Thus Philip you are correct, there may be warranted but not commanded, though I would probably say that most or all of those things warranted by inference are required - that which is warranted by command or inference has the force of a commandment, and ought not to be neglected.


----------



## Bethel

P. F. Pugh said:


> ...what counts as a circumstance of worship and what counts as an element.



Thank you, I found this terminology very helpful.


----------



## JP Wallace

P. F. Pugh said:


> Well no---I don't know of any advocate of uninspired hymnody who would argue that EPers are worshipping improperly.



Actually I do, quite a number. Not calling you out, just letting you know!!  No names.


----------



## JML

P. F. Pugh said:


> Well no---I don't know of any advocate of uninspired hymnody who would argue that EPers are worshipping improperly.

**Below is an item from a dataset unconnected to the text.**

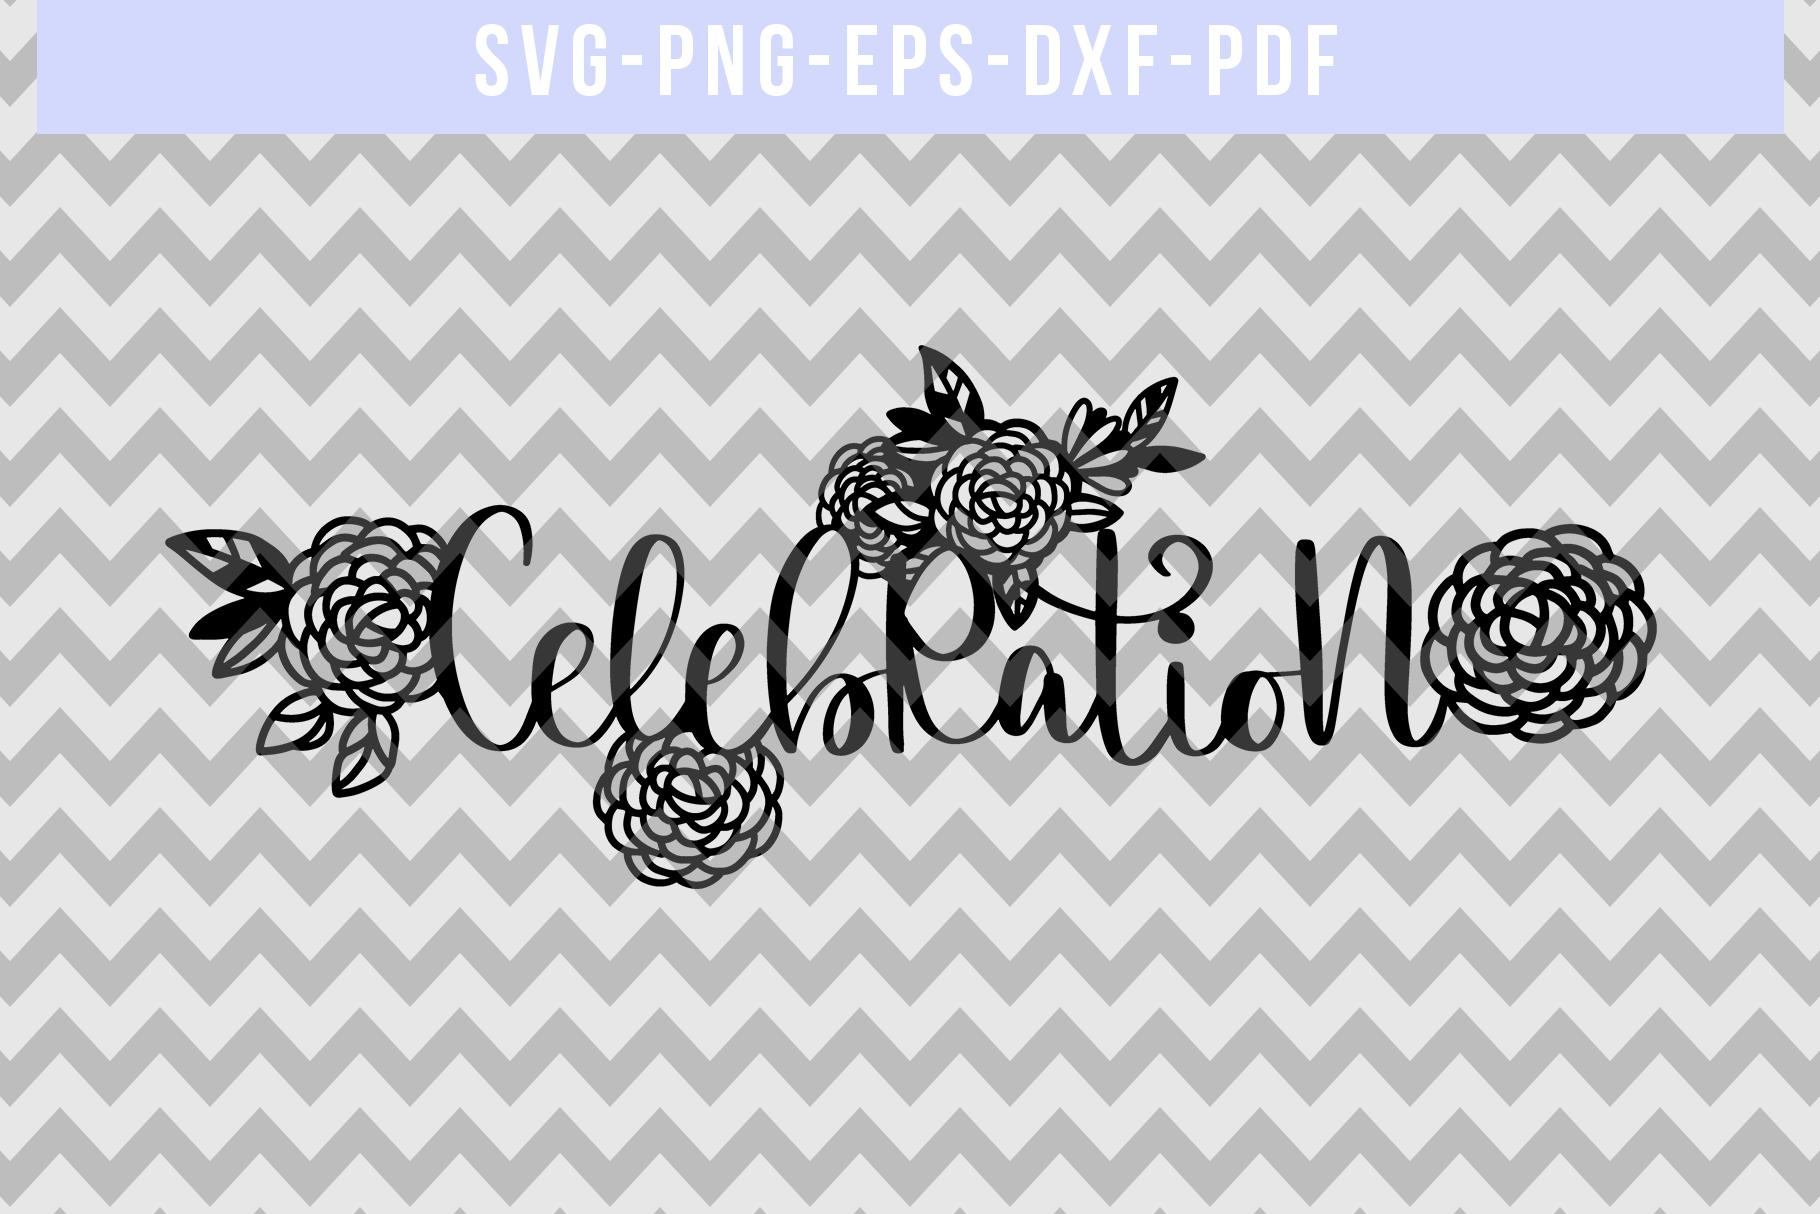 Celebration Papercut Template, Wedding Invitation SVG, PDF example image 4

Actually, I have met quite a few who think it is improper that EPers don't say the name Jesus in their songs, etc. However, that was not my point. My point was that it is more over differing interpretations of Scriptures such as Ephesians 5:19 as Bethel said instead of differences in the RPW.


----------



## J. Dean

Question for those who hold to a strict interpretation of RPW: How is Jesus' keeping of Hanakkuh (a Jewish holiday not commanded by Scripture-see John) reconciled with RPW?


----------



## NaphtaliPress

Simple: Christ didn't keep it.


----------



## JML

J. Dean said:


> Question for those who hold to a strict interpretation of RPW: How is Jesus' keeping of Hanakkuh (a Jewish holiday not commanded by Scripture-see John) reconciled with RPW?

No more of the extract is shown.